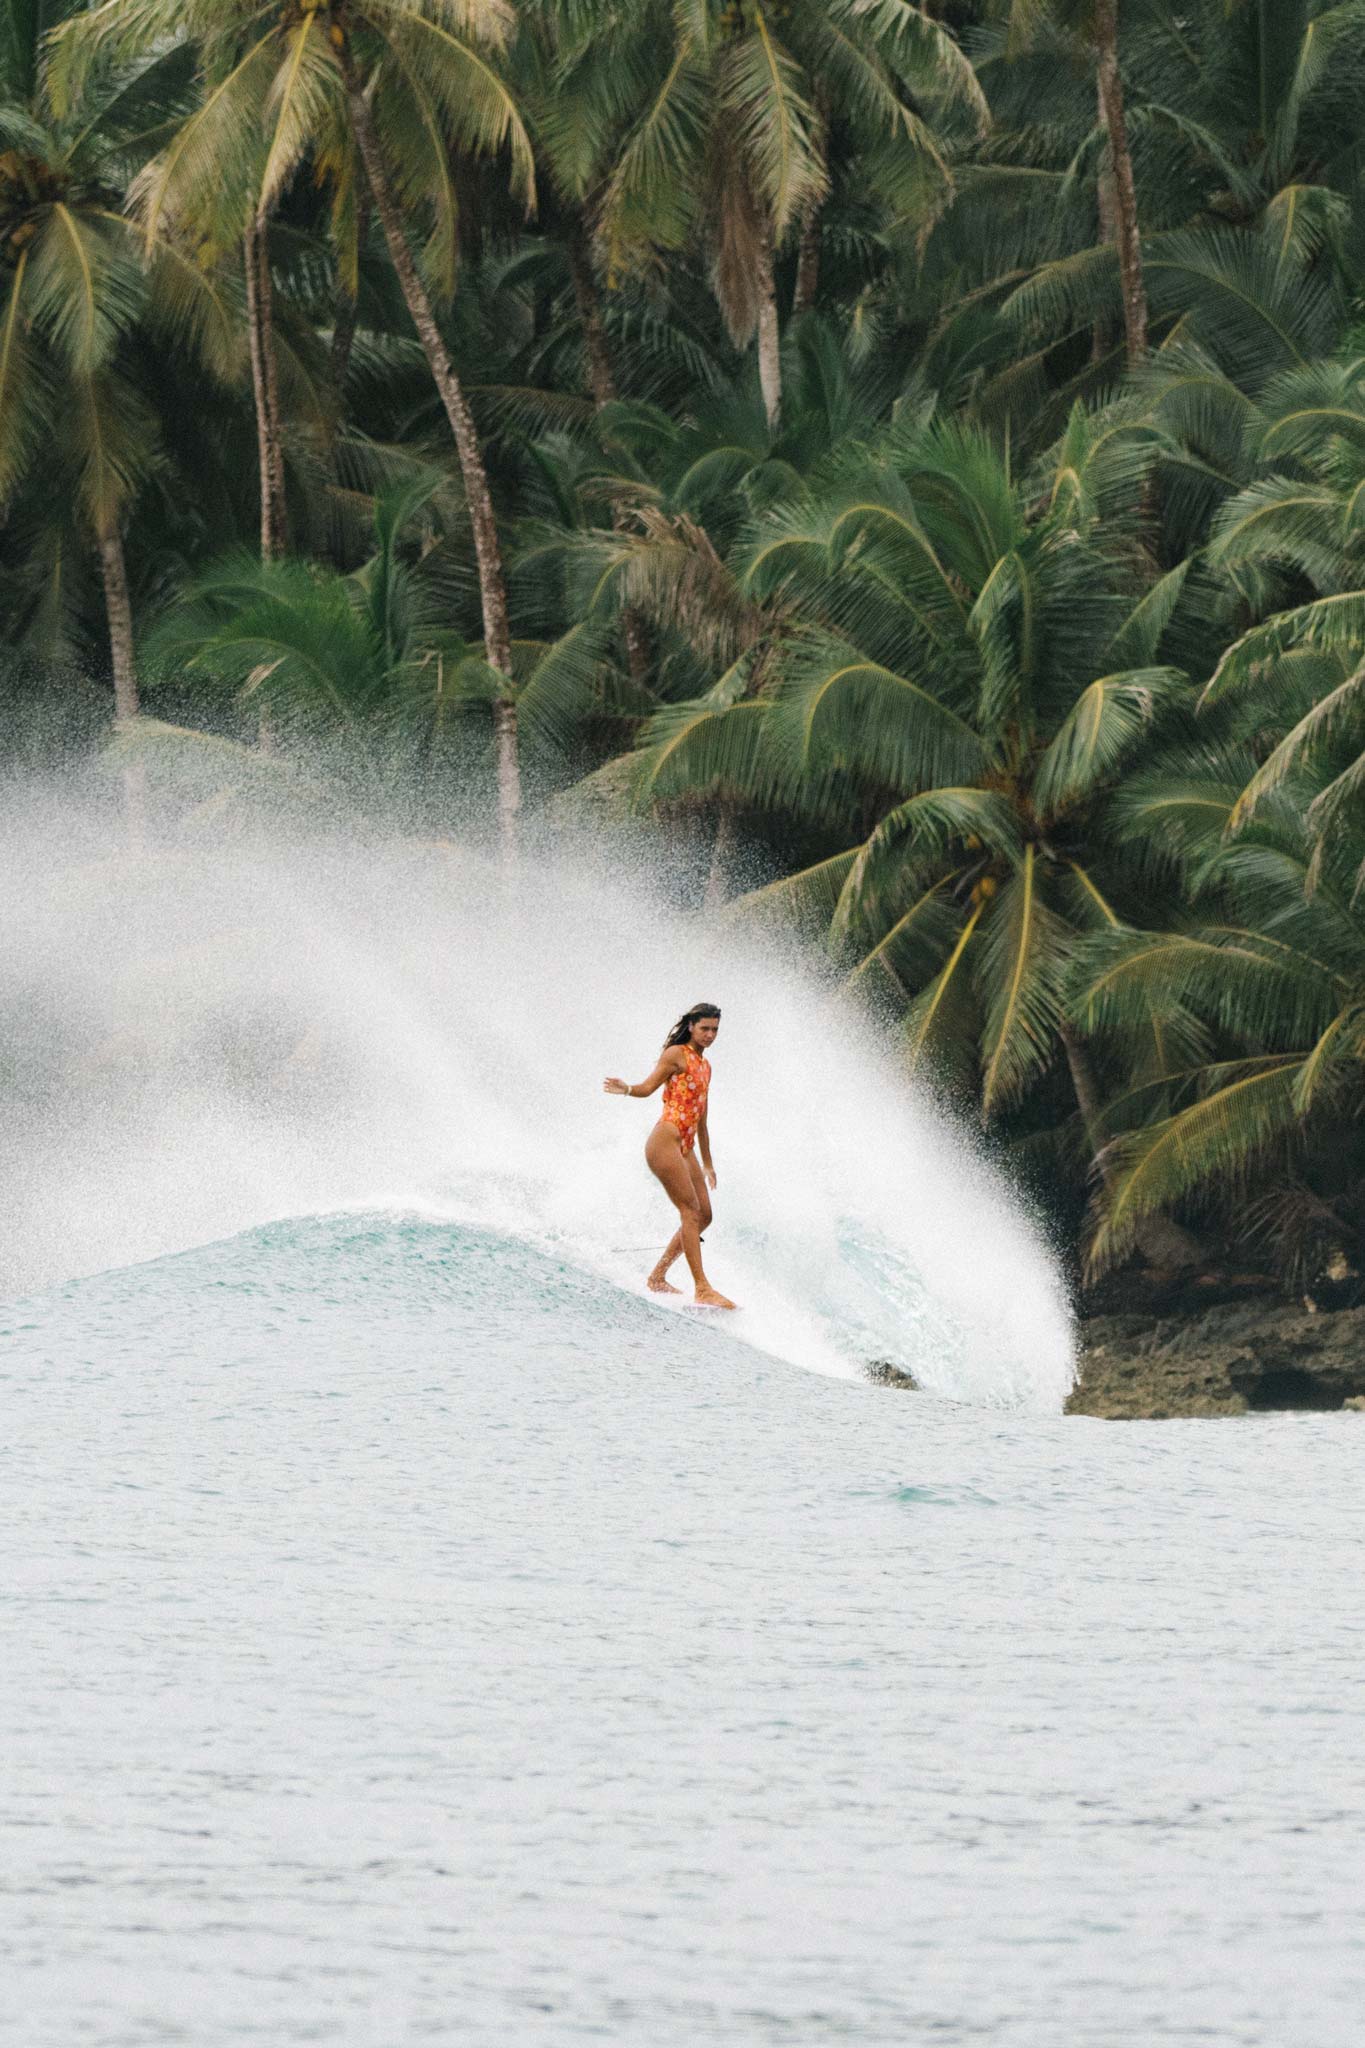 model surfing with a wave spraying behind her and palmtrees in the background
...
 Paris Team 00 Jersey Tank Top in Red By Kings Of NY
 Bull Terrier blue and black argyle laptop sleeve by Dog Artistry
...
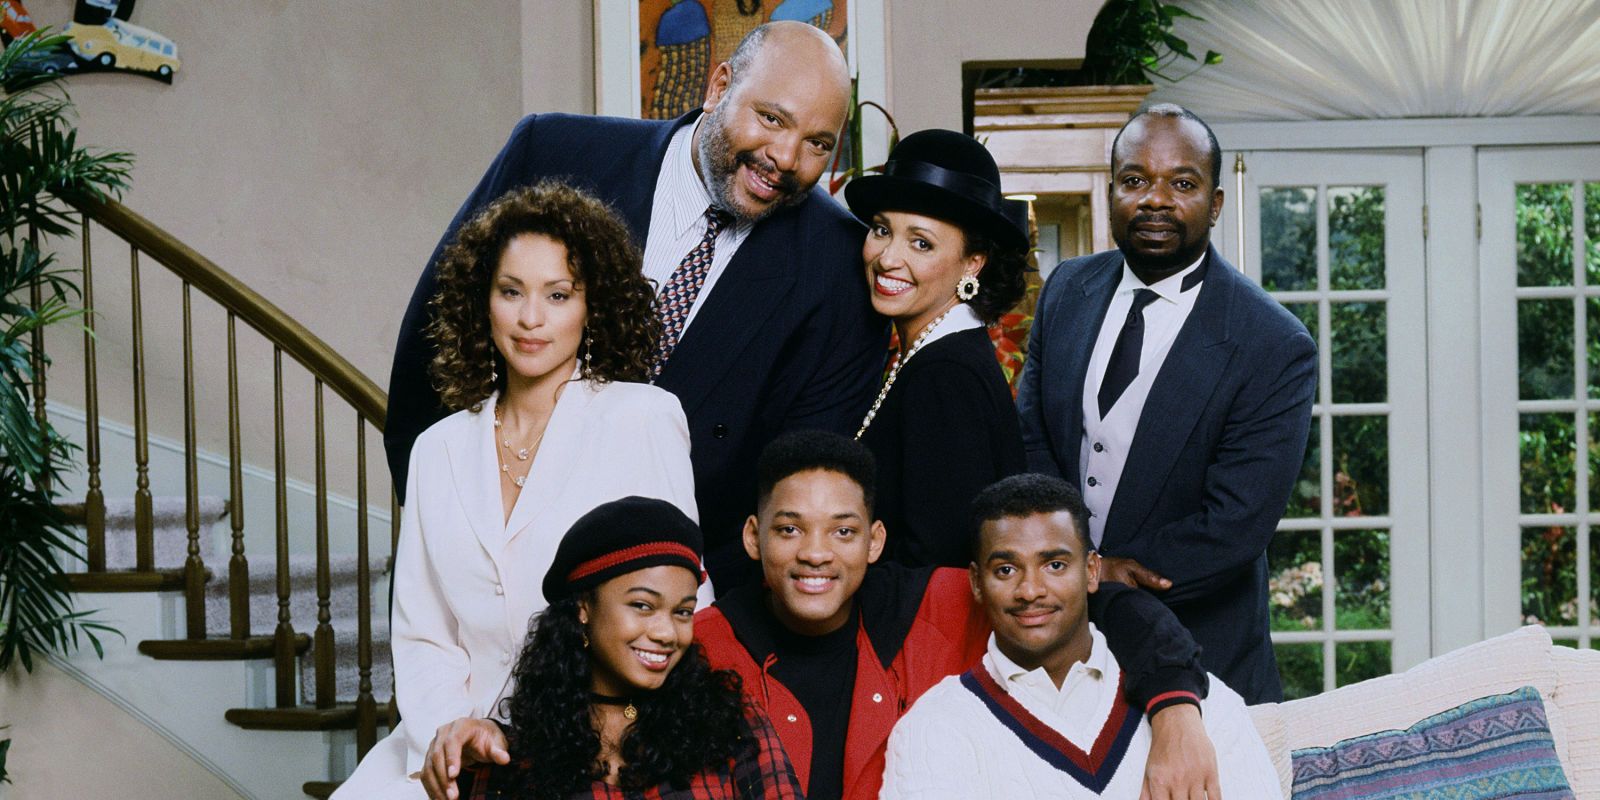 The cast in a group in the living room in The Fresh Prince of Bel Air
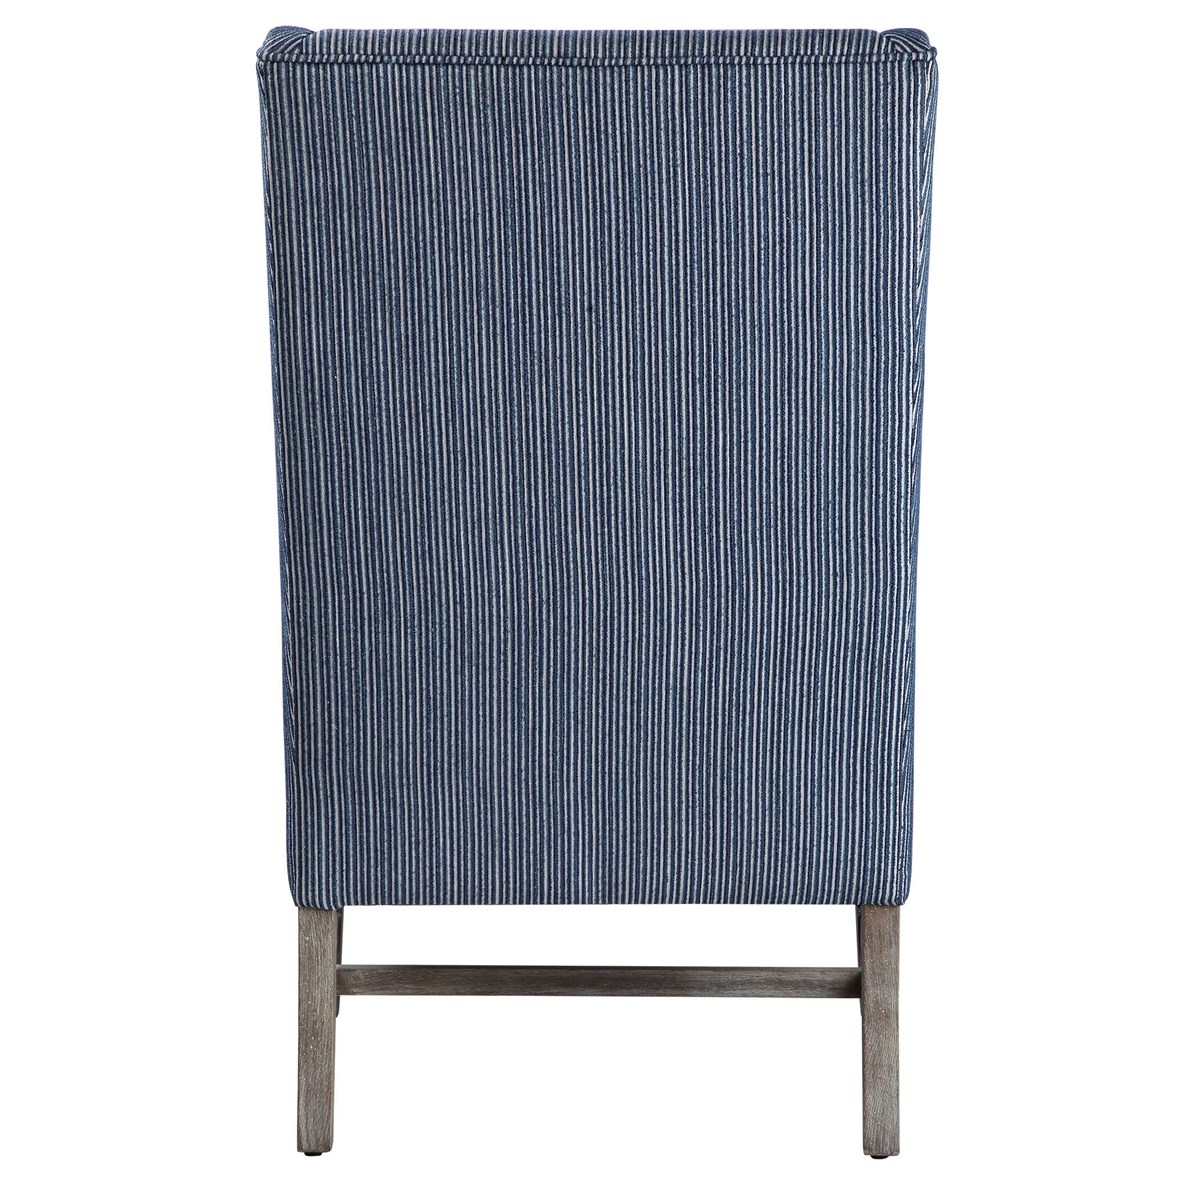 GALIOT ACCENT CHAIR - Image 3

» **Task goal**
An exact copy of the lines above, from the one containing "Paris Team 00" through the one containing "Bull Terrier blue", is the whole of the answer.

» **Your solution**
 Paris Team 00 Jersey Tank Top in Red By Kings Of NY
 Bull Terrier blue and black argyle laptop sleeve by Dog Artistry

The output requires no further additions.